Data excerpt ▸

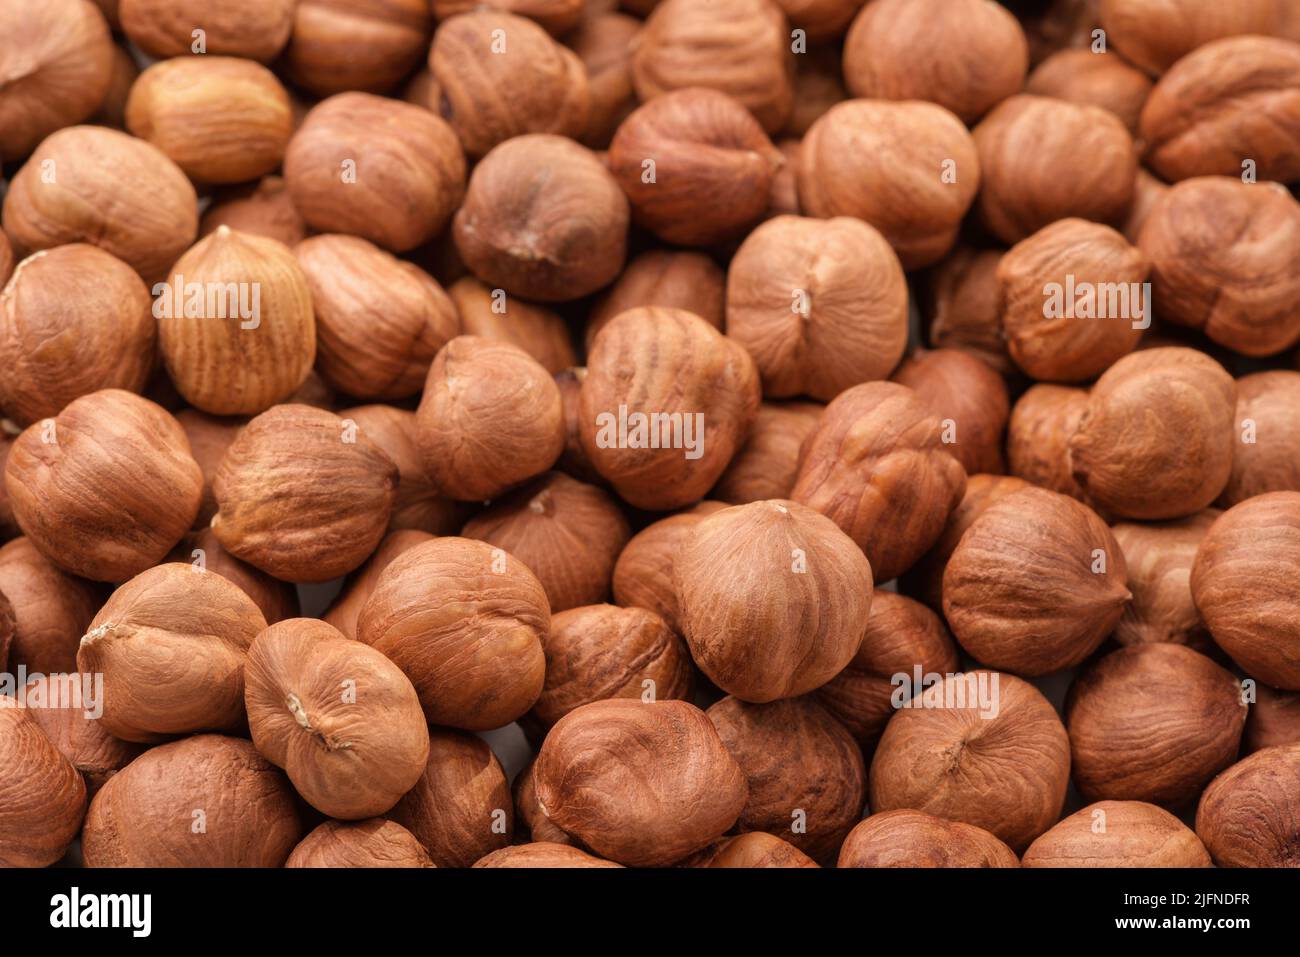 Close up of shelled hazelnut kernels Stock Photo
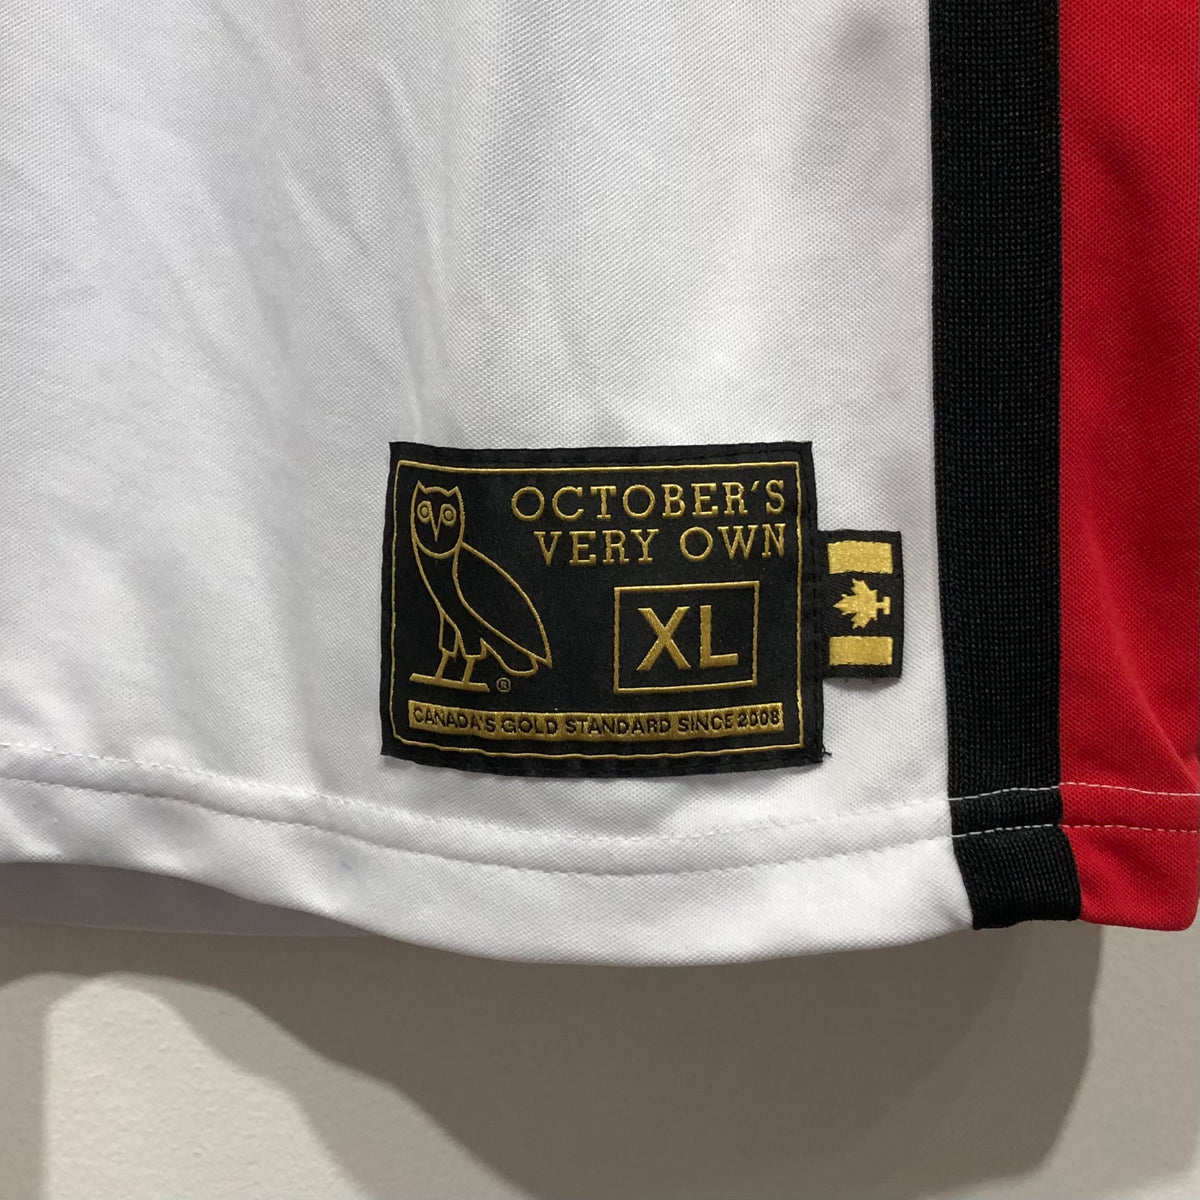 OVO Basketball Jersey XL – Laundry
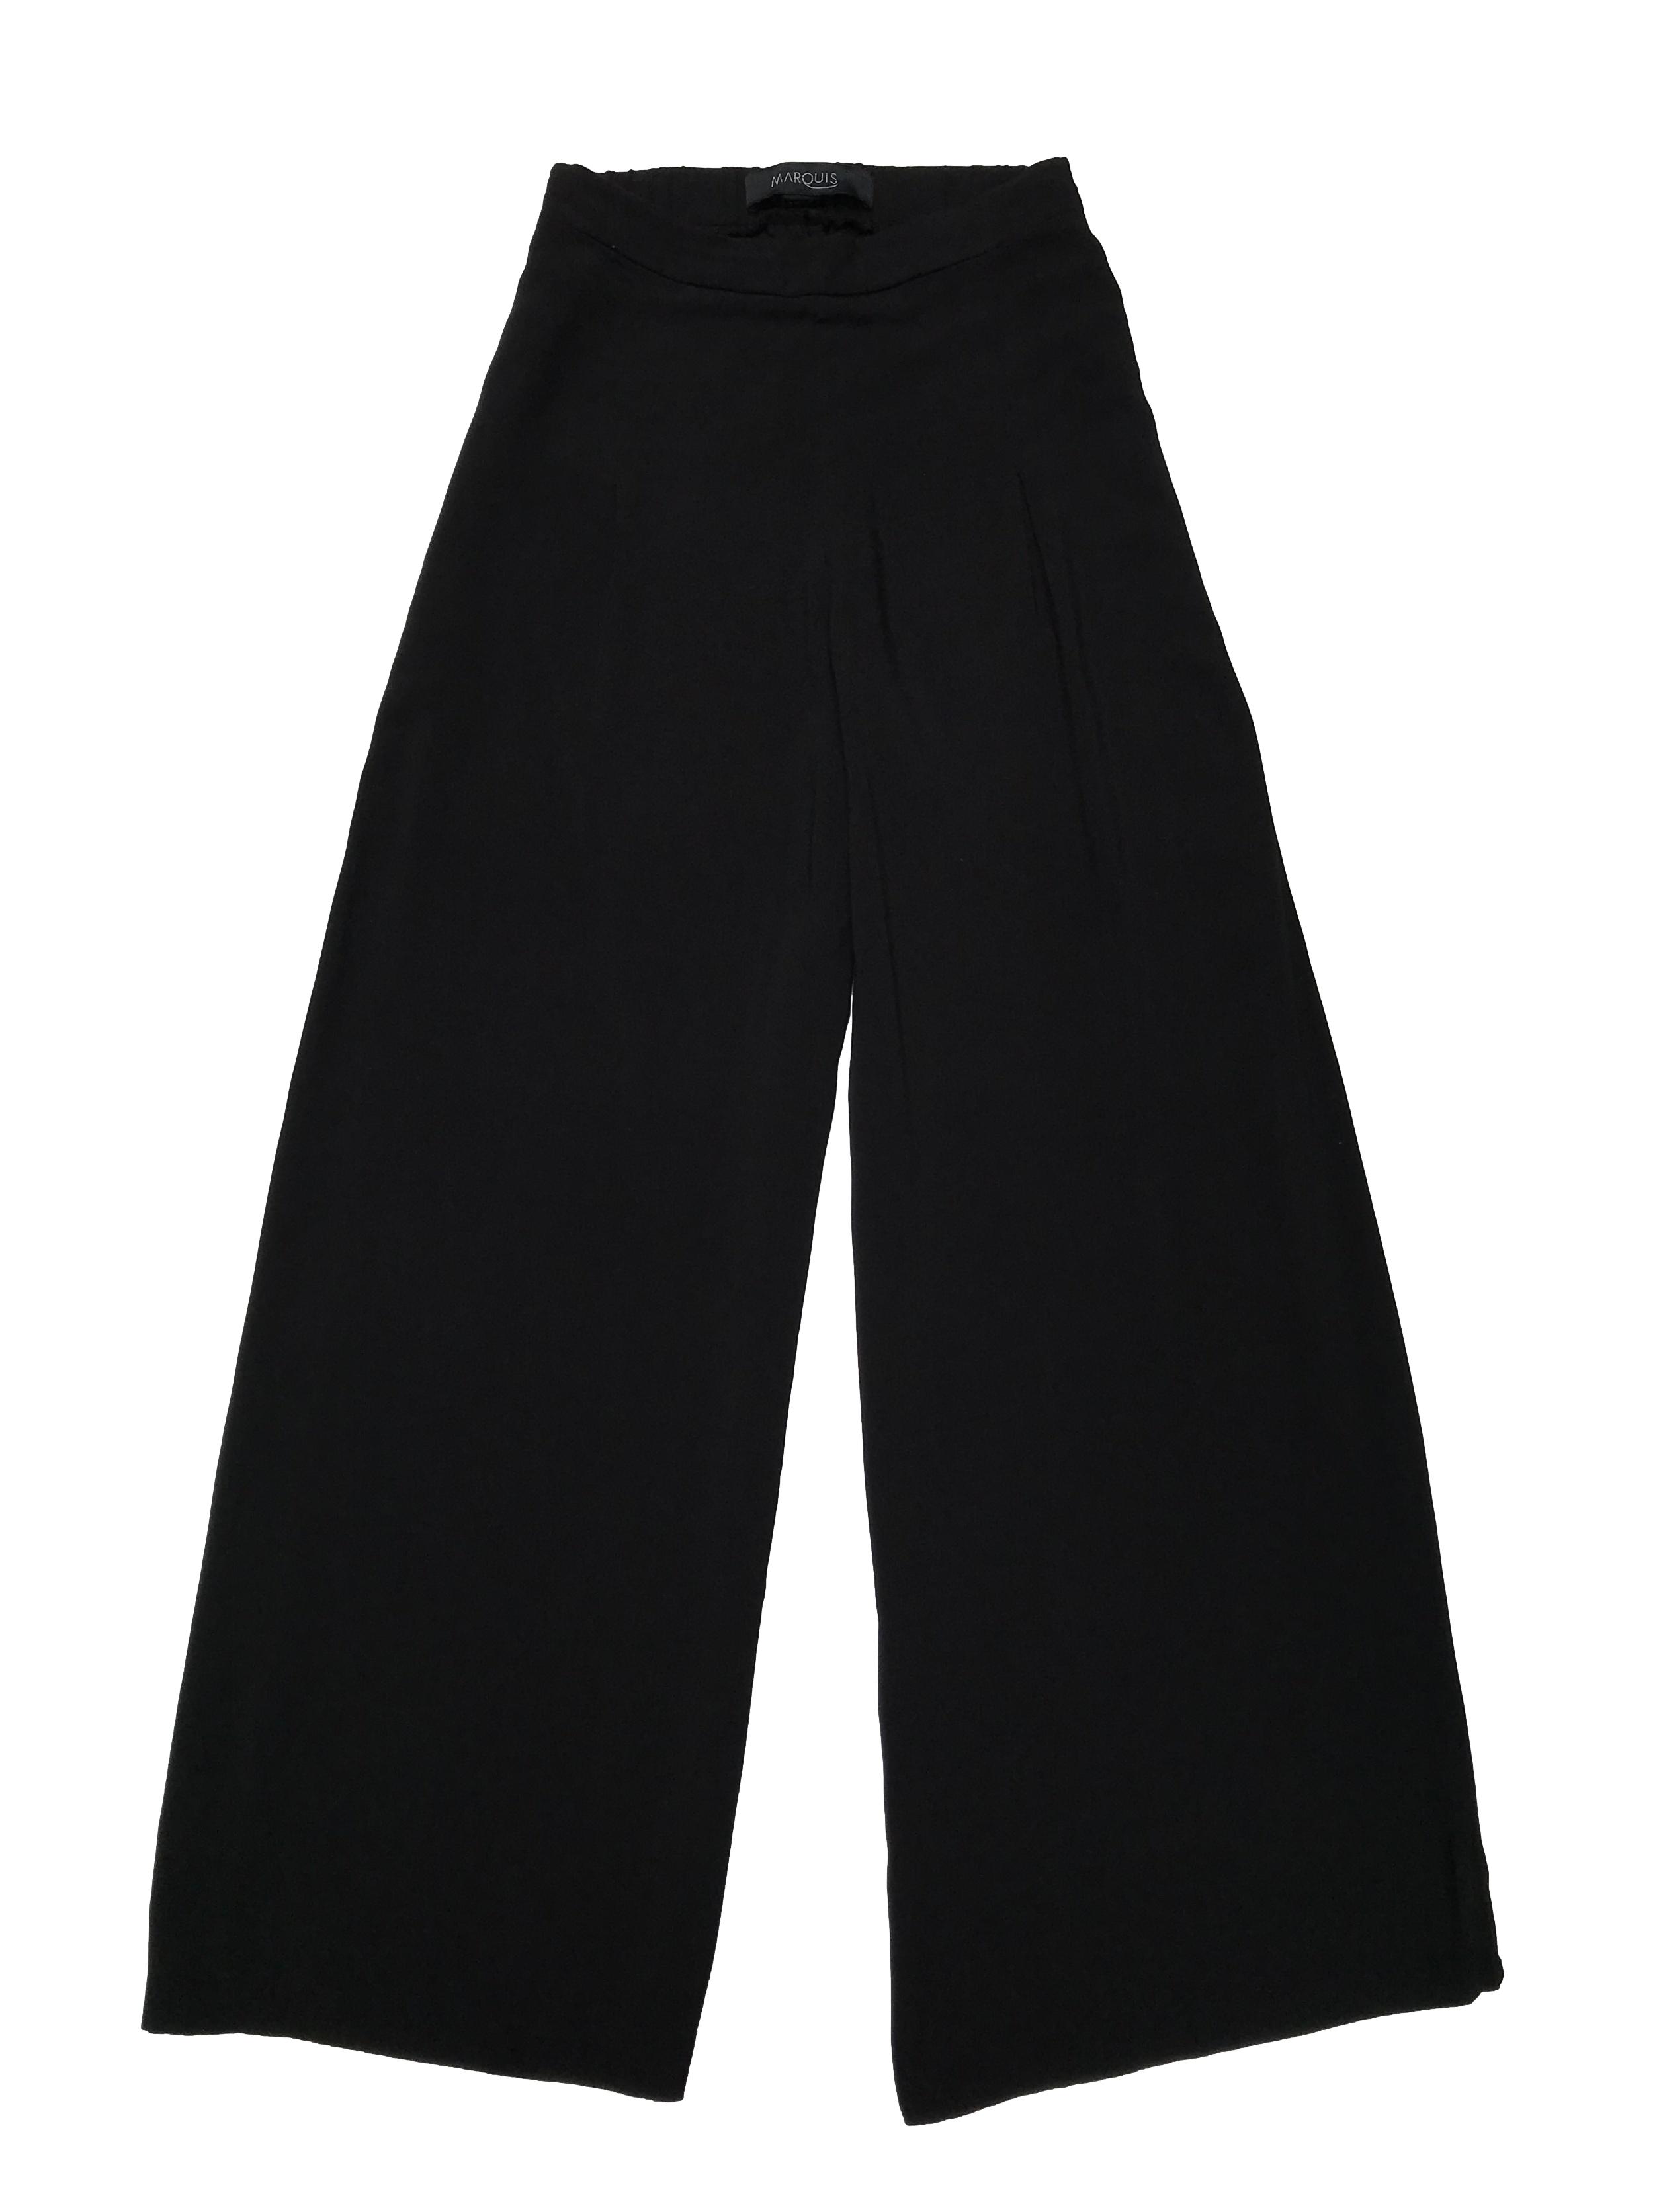 Pantalón palazzo Marquis, 100% viscosa negra, cintura con elástico posterior. Cintura 66cm sin estirar Largo 102cm
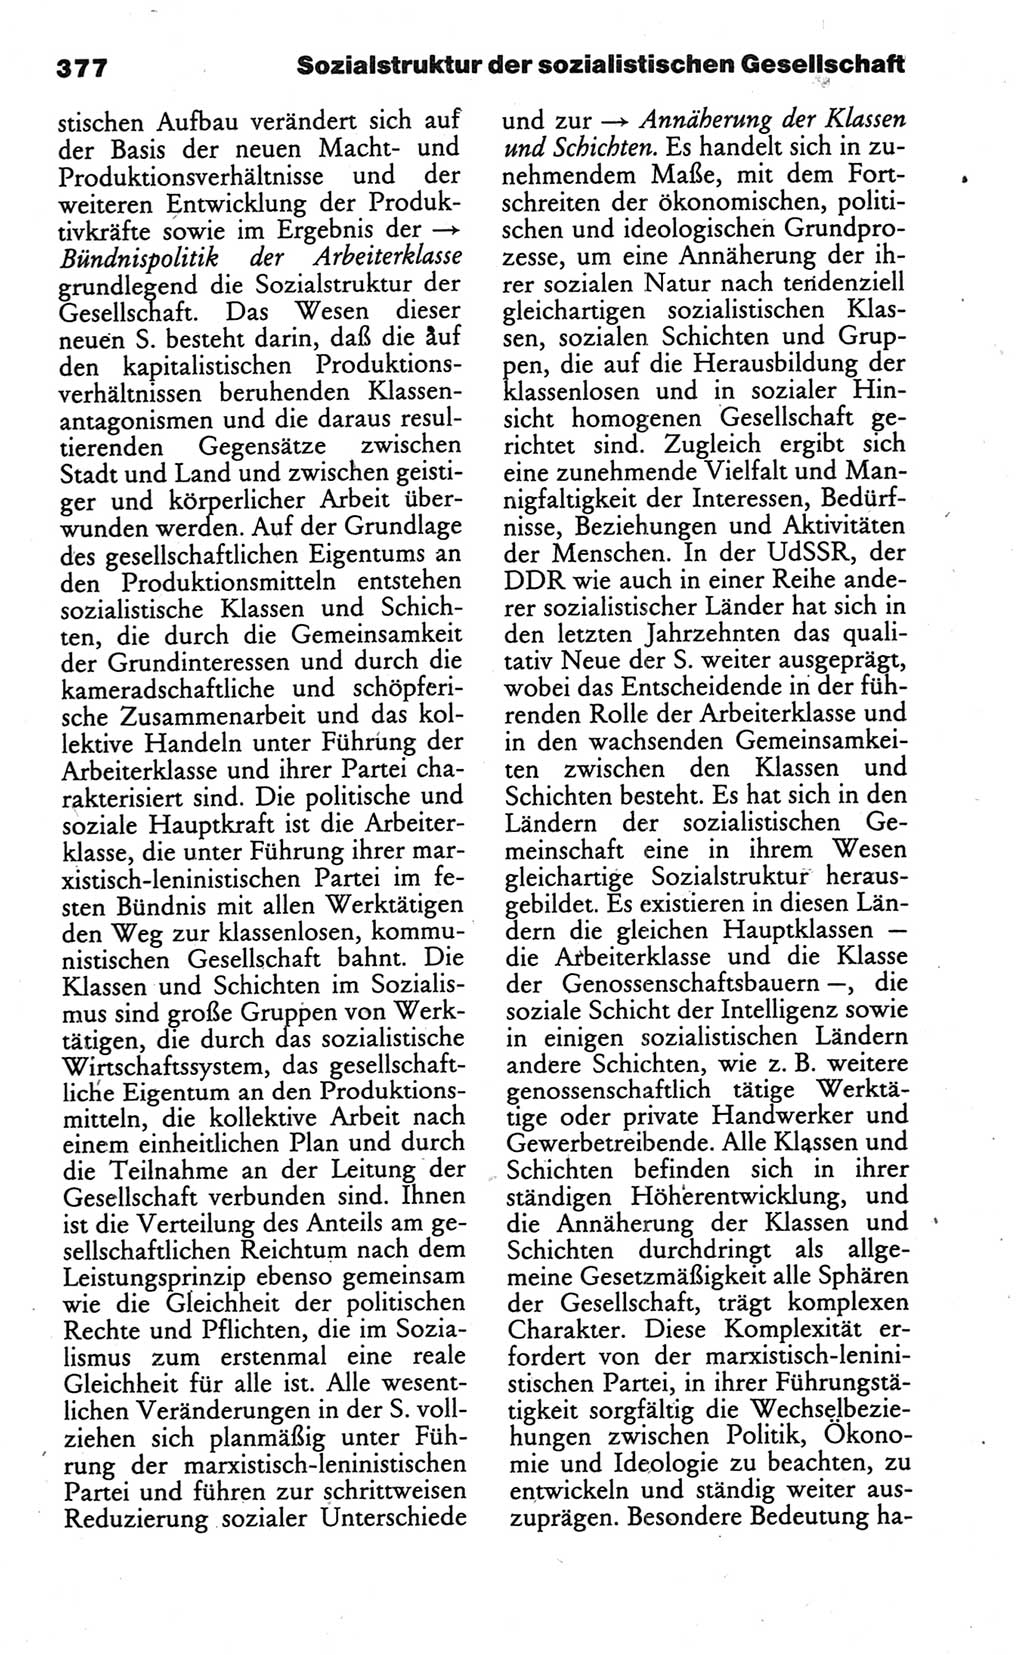 Wörterbuch des wissenschaftlichen Kommunismus [Deutsche Demokratische Republik (DDR)] 1986, Seite 377 (Wb. wiss. Komm. DDR 1986, S. 377)

The task ▸ From the line containing "OVO Basketball Jersey XL – Laundry" down to the last line of the data above, transcribe exactly those lines and no others; omit the pictures.

Reply to the exercise ▸
 OVO Basketball Jersey XL – Laundry
 Pantalón palazzo Marquis, 100% viscosa negra, cintura con elástico posterior. Cintura 66cm sin estirar Largo 102cm
 Wörterbuch des wissenschaftlichen Kommunismus [Deutsche Demokratische Republik (DDR)] 1986, Seite 377 (Wb. wiss. Komm. DDR 1986, S. 377)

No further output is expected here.